Fine Nowell, Ducharme Anique, Matte Genevieve, Mezei Michelle, Bril Vera, Delgado Diego
Division of Cardiology, Department of Cardiac Sciences, Libin Cardiovascular Institute, Cumming School of Medicine, University of Calgary, Calgary Alberta, Canada.
Department of Medicine, Montreal Heart Institute, Université de Montréal, Montreal, Quebec, Canada.
CJC Open. 2025 Mar 10;7(5):614-627. doi: 10.1016/j.cjco.2025.03.002. eCollection 2025 May.
Hereditary amyloid transthyretin variant (ATTRv) amyloidosis is a rare, life-threatening disease, characterized by the deposition of aggregated transthyretin (TTR) protein in multiple organs and tissues. Diagnosis is often delayed due to its heterogeneity in presentation, which includes a wide range of cardiac and/or neurologic symptoms. Thus, awareness of ATTRv amyloidosis across multiple specialties is needed for its early diagnosis and management. This paper provides a review surrounding the diagnosis and management of mixed phenotype ATTRv amyloidosis, addressed through 3 clinical questions. This paper discusses: (i) the need for patients with ATTRv amyloidosis to be screened for mixed cardiac and neurologic phenotypes through early multidisciplinary referral; (ii) the therapeutic landscape for ATTRv amyloidosis in Canada, with emphasis on the need for prompt therapy selection and initiation, based on multidisciplinary collaboration; and (iii) how disease can be monitored pre- and post-treatment. Case studies are provided to illustrate how the available evidence impacts practice.
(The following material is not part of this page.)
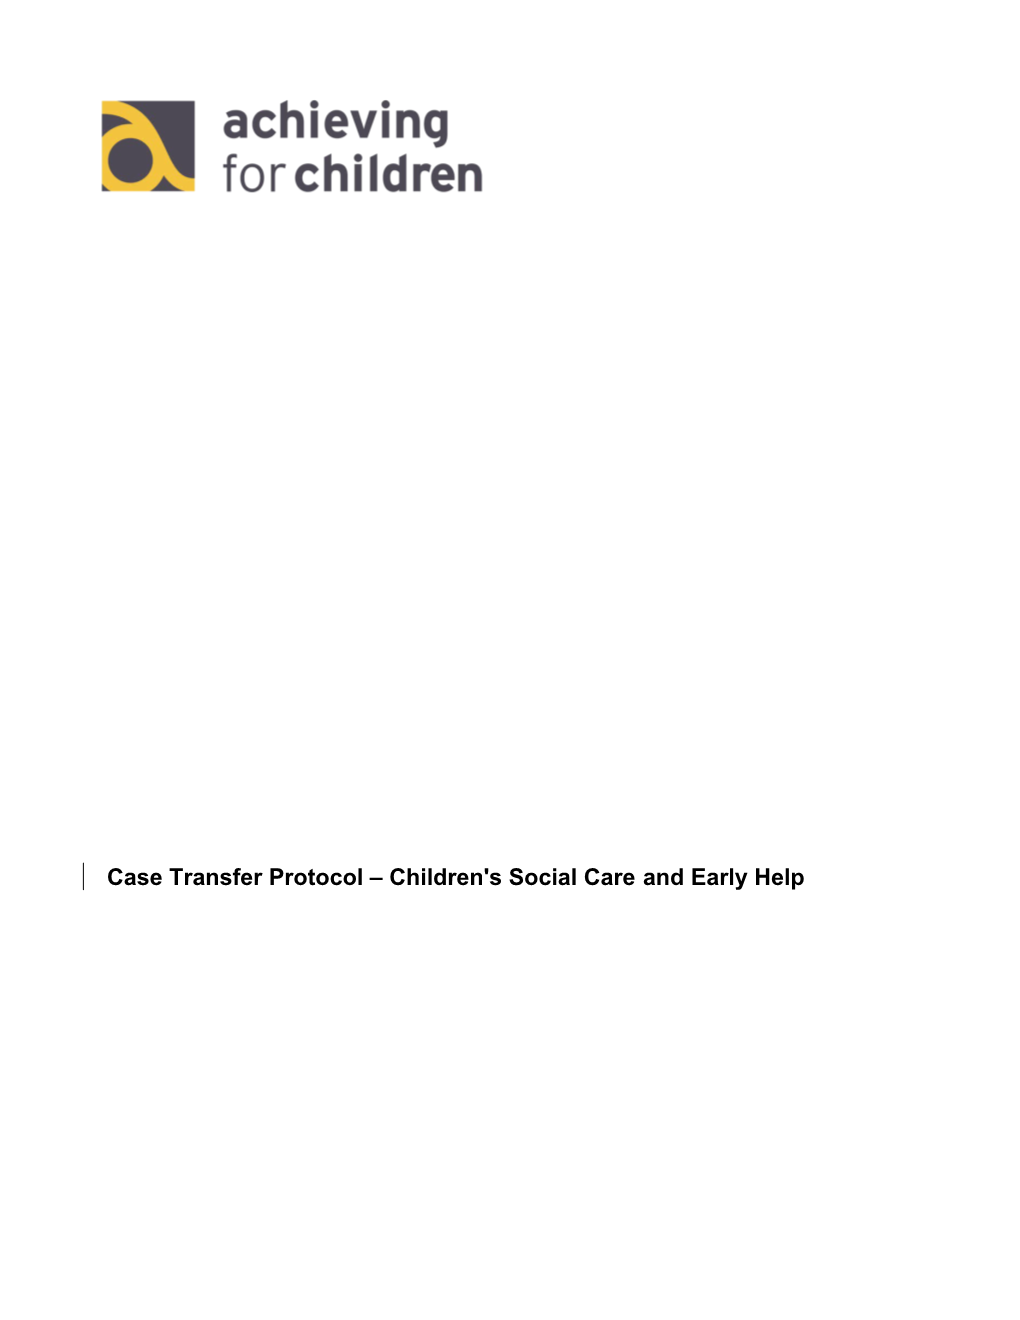 Case Transfer Protocol Children's Social Careand Early Help

遗传性转甲状腺素蛋白变异型(ATTRv)淀粉样变性是一种罕见的、危及生命的疾病,其特征是转甲状腺素蛋白(TTR)在多个器官和组织中聚集沉积。由于其临床表现的异质性,包括广泛的心脏和/或神经症状,诊断往往会延迟。因此,多个专科对ATTRv淀粉样变性的认识对于其早期诊断和管理至关重要。本文围绕混合表型ATTRv淀粉样变性的诊断和管理进行综述,通过3个临床问题展开探讨。本文讨论了:(i)ATTRv淀粉样变性患者需要通过早期多学科转诊筛查混合心脏和神经表型;(ii)加拿大ATTRv淀粉样变性的治疗前景,强调基于多学科合作及时选择和启动治疗的必要性;(iii)治疗前后如何监测疾病。提供了案例研究来说明现有证据如何影响实践。